Пока шли разговоры и составлялись пояснительные чертежи к схемам, в чем помогал А. К. Черкас, оказавшийся искусным рисовальщиком, время бежало, и наступили первые дни июня. События тоже двигались, и правительство оказалось 4 июня перед необходимостью немедленного роспуска Думы, а нового закона еще не было. Государь был недоволен затяжкой и прислал Столыпину записку в самых энергических выражениях. В записке государя было сказано «пора треснуть». Столыпин имел неосторожность огласить ее в Совете. Тотчас подскочил сзади Шванебах и заглянул через плечо председателя на записку, которую тот не успел спрятать, скопировал ее в свою записную книжку (он состоял, как потом выяснилось, осведомителем австрийского посольства не то по снобизму, не то по иным каким-то соображениям). На другой день слова государя получили огласку в городе.
Пришлось составлять закон сломя голову. На эту работу ушли два дня и две ночи. Для помощи в редактировании закона и для его переписки я пригласил испытанных чиновников министерства: А. К. Черкаса, управляющего страховым отделом, и А. А. Евтифьева, впоследствии помощника начальника Главного управления по делам местного хозяйства, на молчаливость которых можно было вполне положиться, и таких же двух переписчиков – Я. Я. Лимаря и Коломийца.
Просидев первую ночь, Евтифьев так изнемог, что свалился с ног, и его пришлось отправить домой; мы же с Черкасом, на долю которого выпало произвести расчет всех выборщиков и составить им расписание, – работа, требовавшая чрезвычайного внимания, – продержались и вторую ночь, равно как оба переписчика, совершенно распухшие от напряжения и бессонницы… Как бы то ни было, к вечеру 6 июня закон был изготовлен и переписан начисто. В тот же вечер его заслушали в Совете министров, формально разумеется, так как времени не было, и с бывалым курьером отправили в Царское Село на высочайшее утверждение.

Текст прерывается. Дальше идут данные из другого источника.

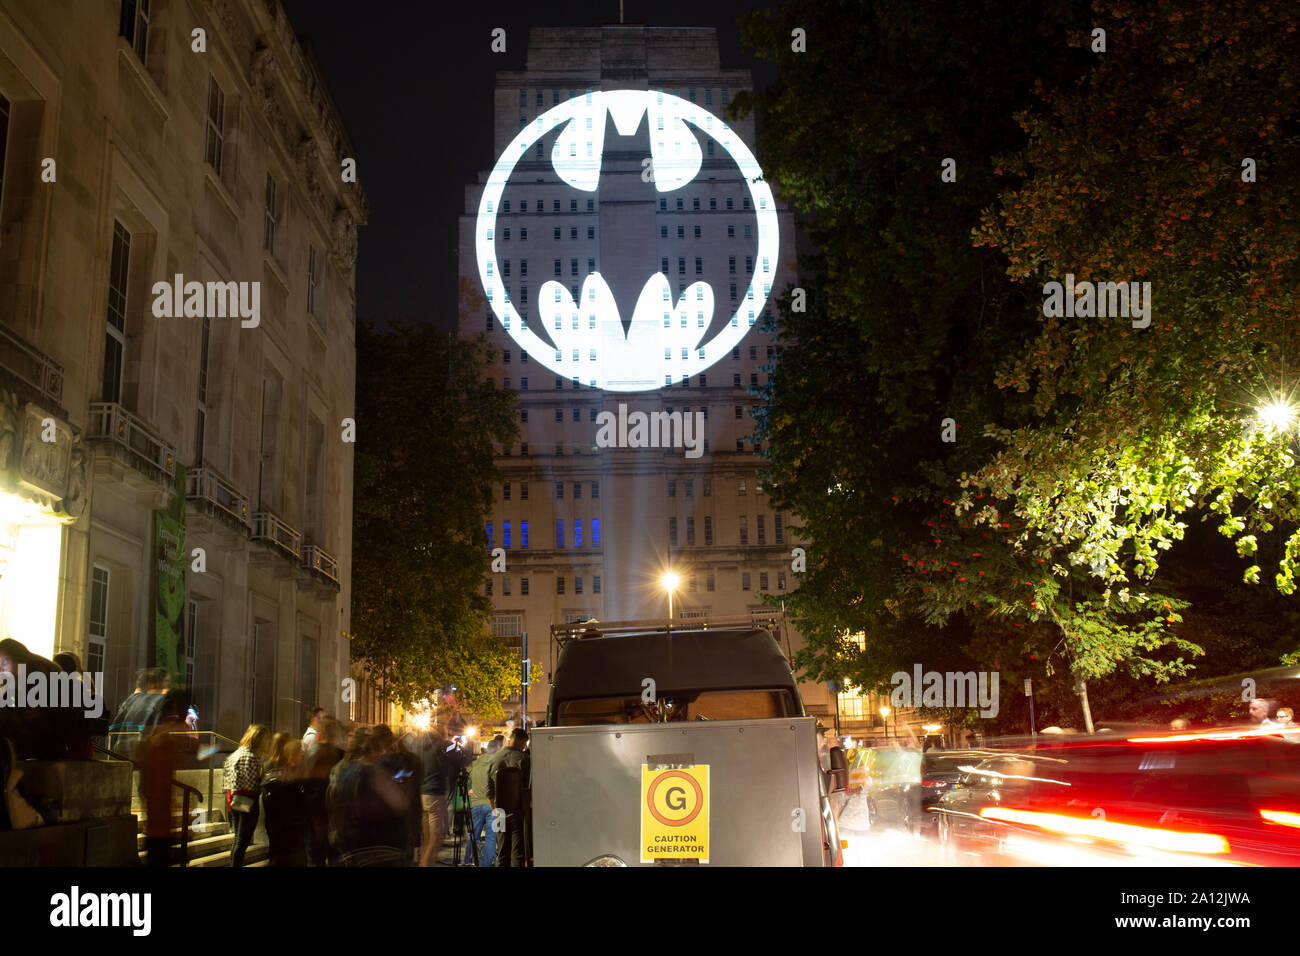 Gotham city batman hi-res stock photography and images - Alamy

Курьеру Меншагину – мафусаилу министерства – какими-то одному ему известными способами удалось проникнуть во дворец и укараулить государя в коридоре, когда он шел спать. Его величество тут же, в коридоре, сделал запись об утверждении. В первом часу закон был привезен в Елагин дворец, где заседало правительство, и тотчас был отправлен в Сенатскую типографию. Хотя он занимал несколько десятков страниц, типография все же успела набрать, и к утру он появился в Собрании узаконений, как распубликованный Сенатом. Сенат его и не видел, и обер-прокурору Н. А. Добровольскому пришлось поднести определение к подписанию сенаторов уже по опубликовании закона. Сенаторы приняли новый закон как упавший с неба и молча подписали задним числом определение. Впрочем, в этом не было ничего особенного, так как при множестве опубликовываемых законов обер-прокурор имел от Сената частное полномочие распубликовать бесспорные, не выжидая рассмотрения их Сенатом. Оппозиция впоследствии трактовала этот случай с большим негодованием, но примечательно, что как только ее вожди вошли в состав Временного правительства, так первым же делом прибегли к изданию законодательного свойства правил без предварительного опубликования их Сенатом.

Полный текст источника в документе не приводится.